Data extract.
----------------

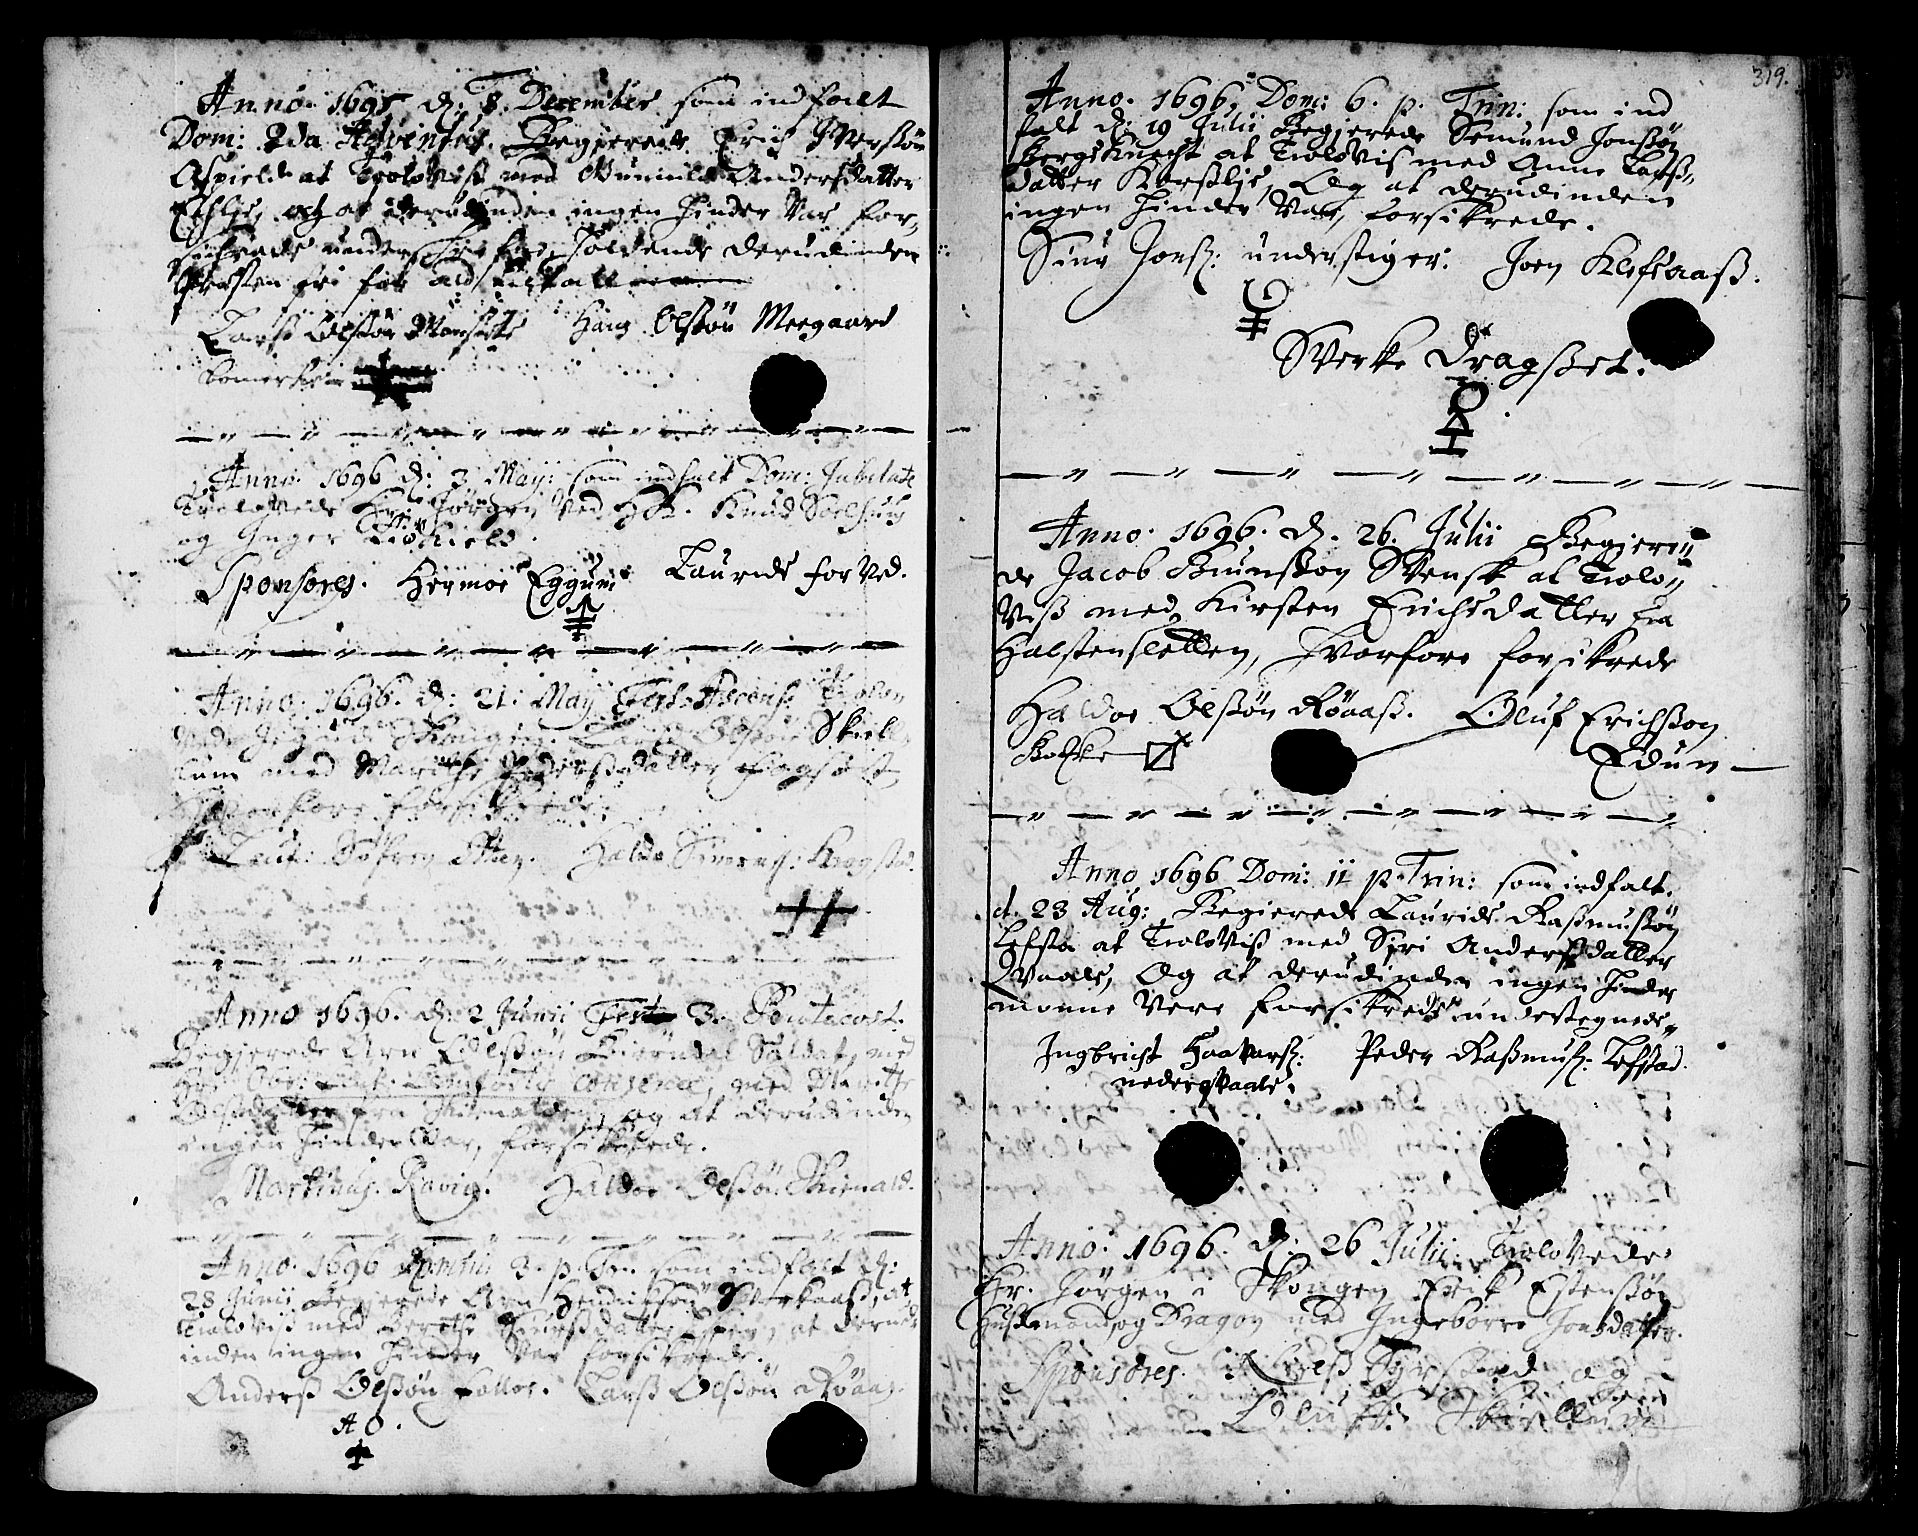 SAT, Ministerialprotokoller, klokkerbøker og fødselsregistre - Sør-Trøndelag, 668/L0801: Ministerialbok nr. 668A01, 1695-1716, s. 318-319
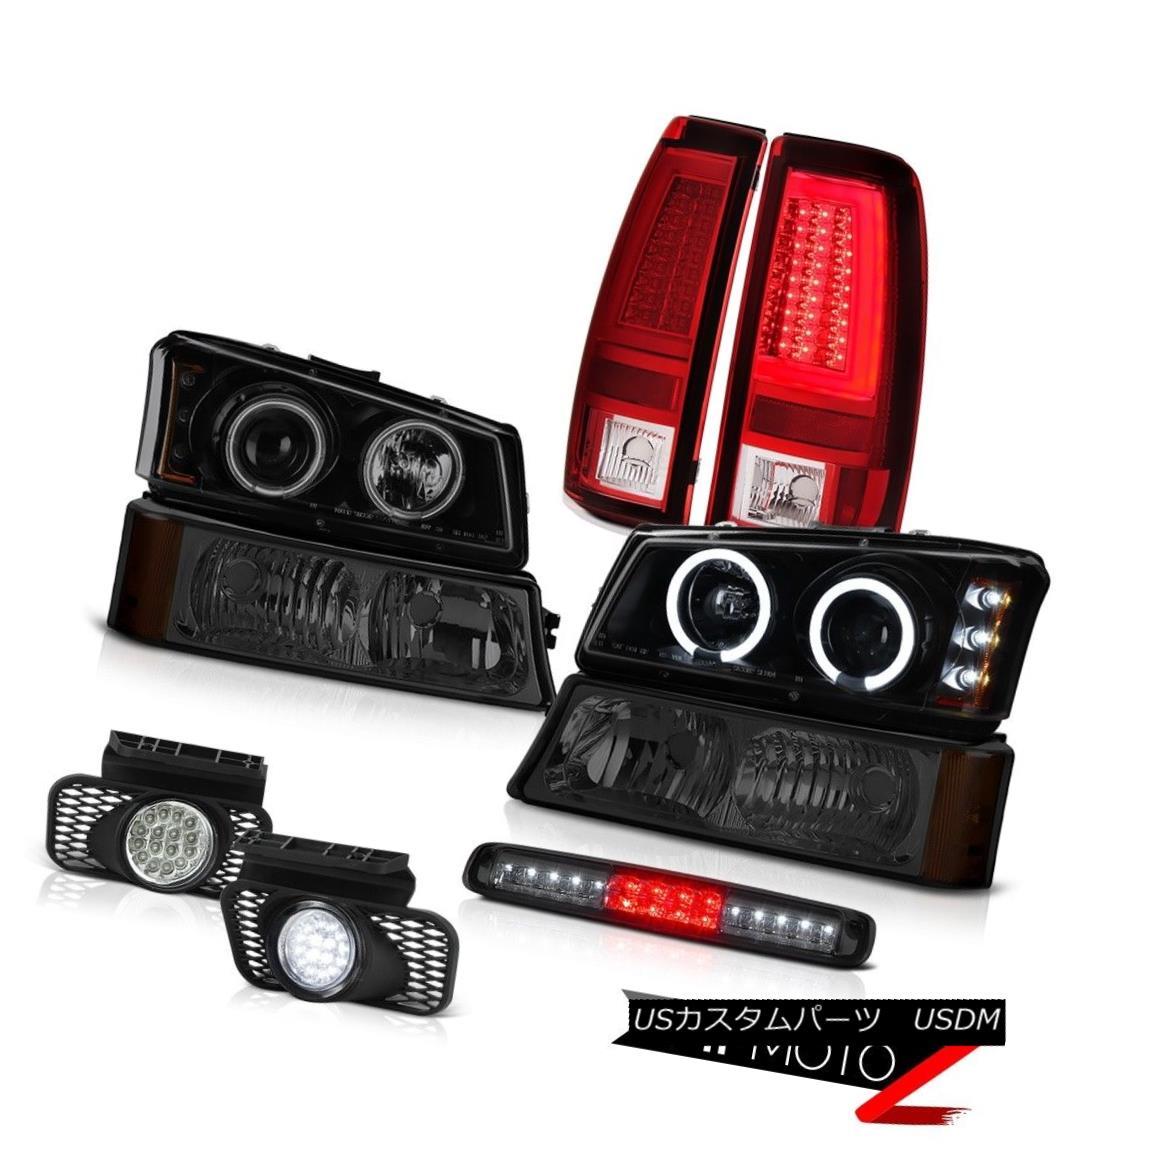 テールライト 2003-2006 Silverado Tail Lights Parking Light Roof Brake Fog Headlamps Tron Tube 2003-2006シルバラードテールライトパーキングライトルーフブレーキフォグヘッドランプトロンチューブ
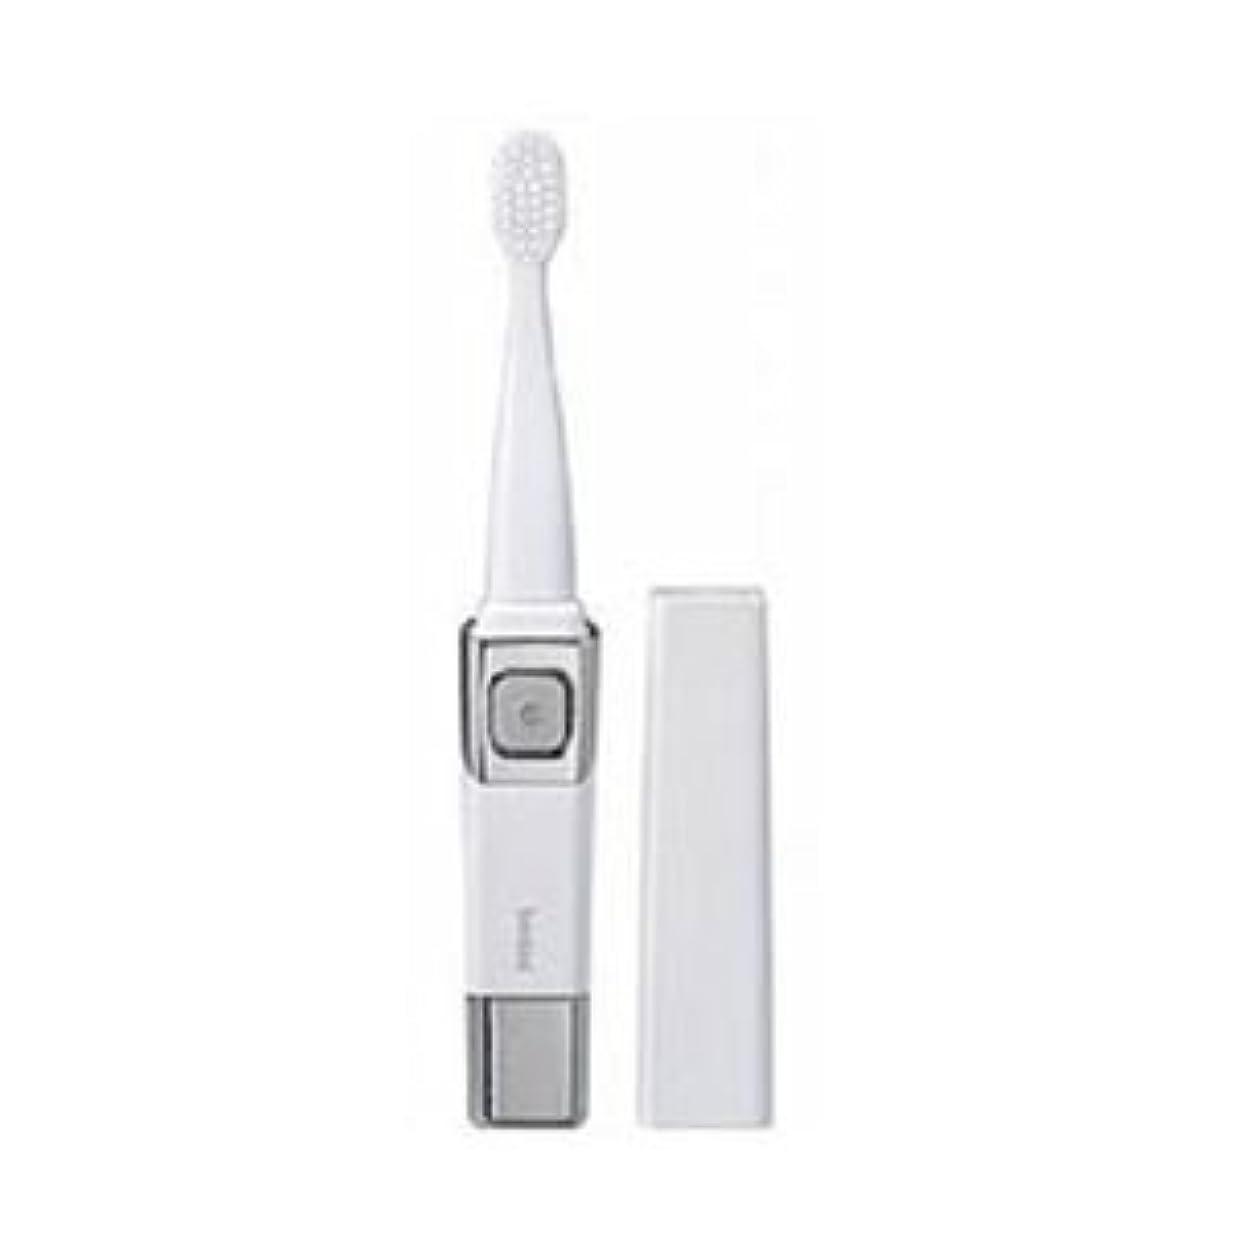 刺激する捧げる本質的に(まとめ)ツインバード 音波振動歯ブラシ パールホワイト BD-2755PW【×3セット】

----------------

Task details.
None of the pictures should appear, though every line of the data above must be reproduced exactly.

Reply to the task.
 SAT, Ministerialprotokoller, klokkerbøker og fødselsregistre - Sør-Trøndelag, 668/L0801: Ministerialbok nr. 668A01, 1695-1716, s. 318-319
 テールライト 2003-2006 Silverado Tail Lights Parking Light Roof Brake Fog Headlamps Tron Tube 2003-2006シルバラードテールライトパーキングライトルーフブレーキフォグヘッドランプトロンチューブ
 刺激する捧げる本質的に(まとめ)ツインバード 音波振動歯ブラシ パールホワイト BD-2755PW【×3セット】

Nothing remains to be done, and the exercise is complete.